## Assigned task
From the data below, repeat exactly the lines from the line with "Prime Minister Jacinda" to the line with "Understanding Interactivity for", both included.

## Excerpted records
Content starts

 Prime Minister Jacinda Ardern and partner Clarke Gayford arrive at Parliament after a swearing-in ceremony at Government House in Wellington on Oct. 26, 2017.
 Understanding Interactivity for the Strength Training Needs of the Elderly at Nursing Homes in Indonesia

Content ends
Content starts

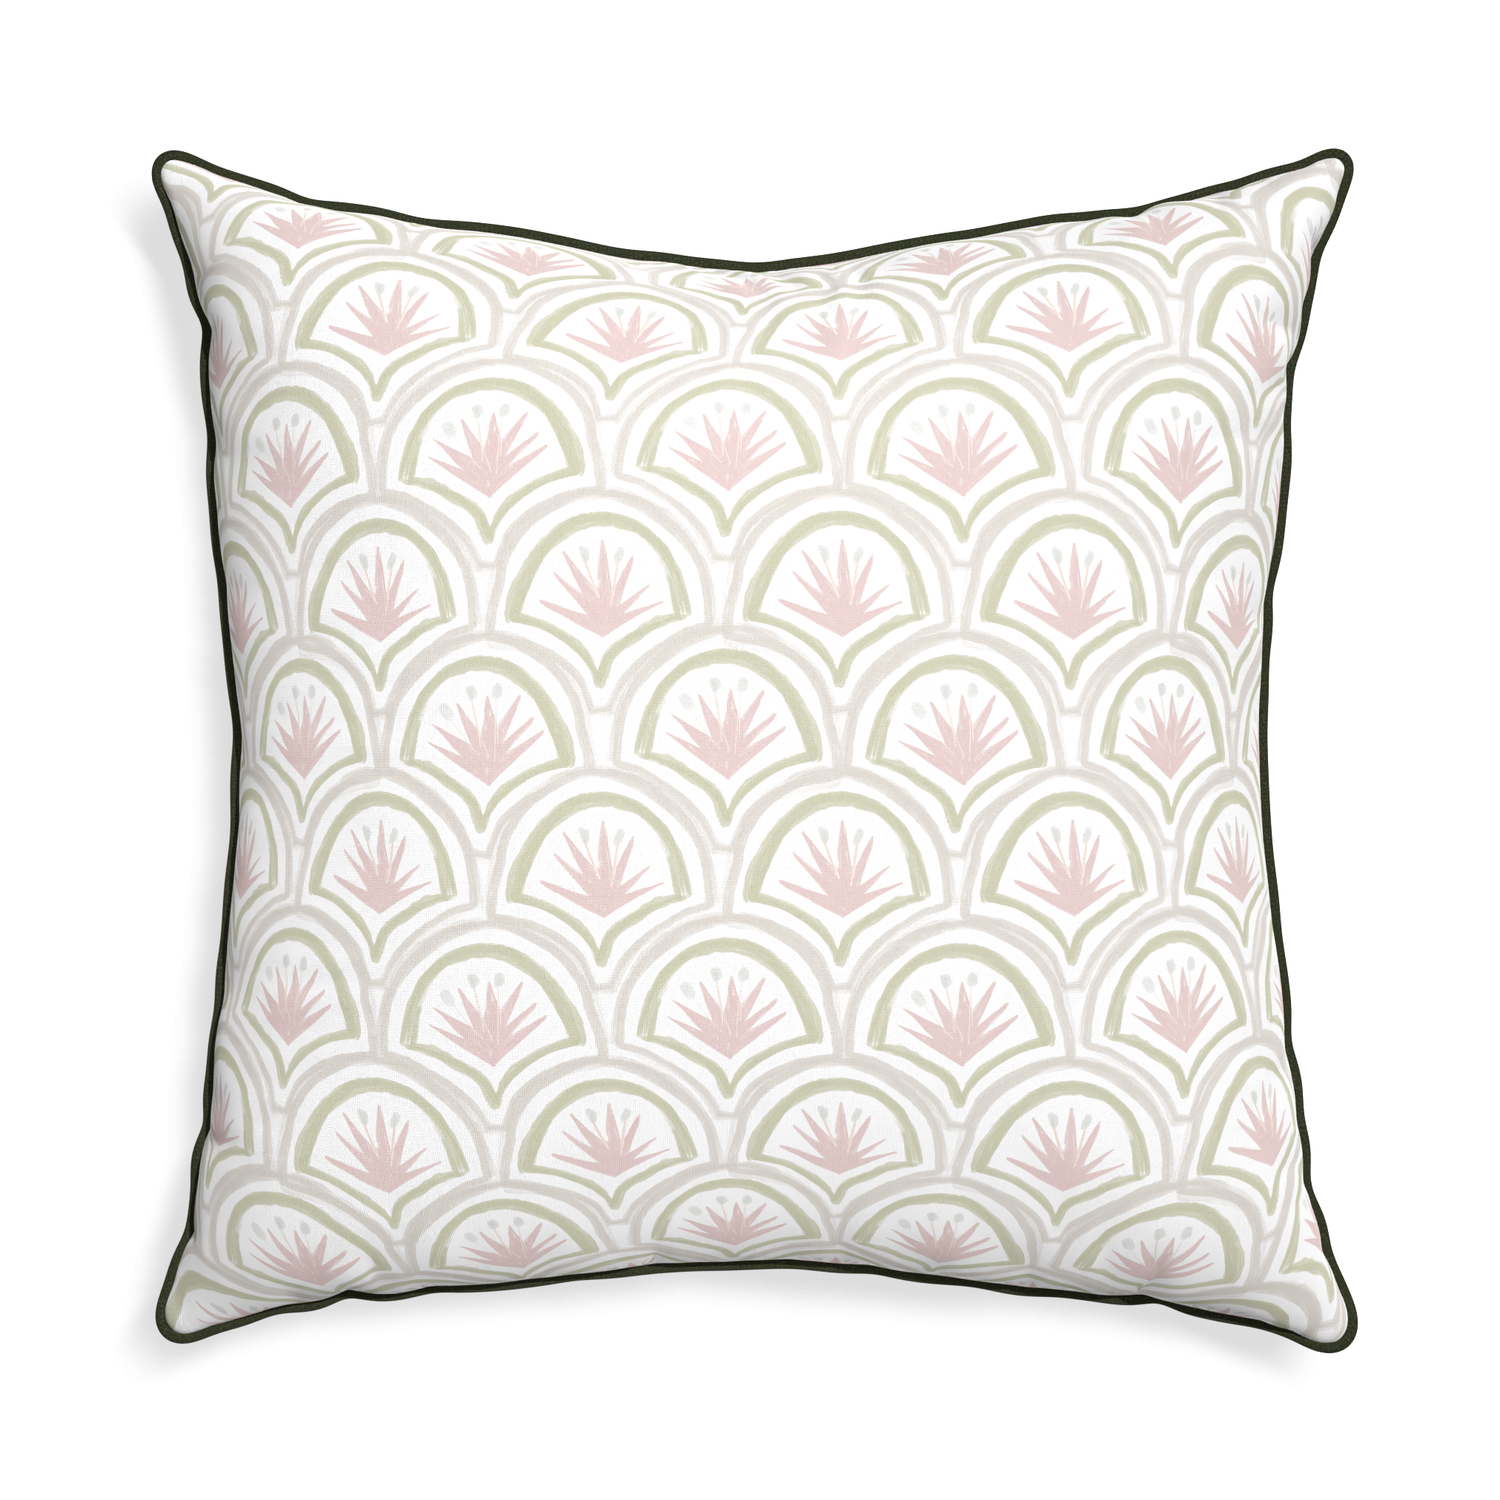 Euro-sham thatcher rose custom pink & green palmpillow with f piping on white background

Content ends

## Written response
 Prime Minister Jacinda Ardern and partner Clarke Gayford arrive at Parliament after a swearing-in ceremony at Government House in Wellington on Oct. 26, 2017.
 Understanding Interactivity for the Strength Training Needs of the Elderly at Nursing Homes in Indonesia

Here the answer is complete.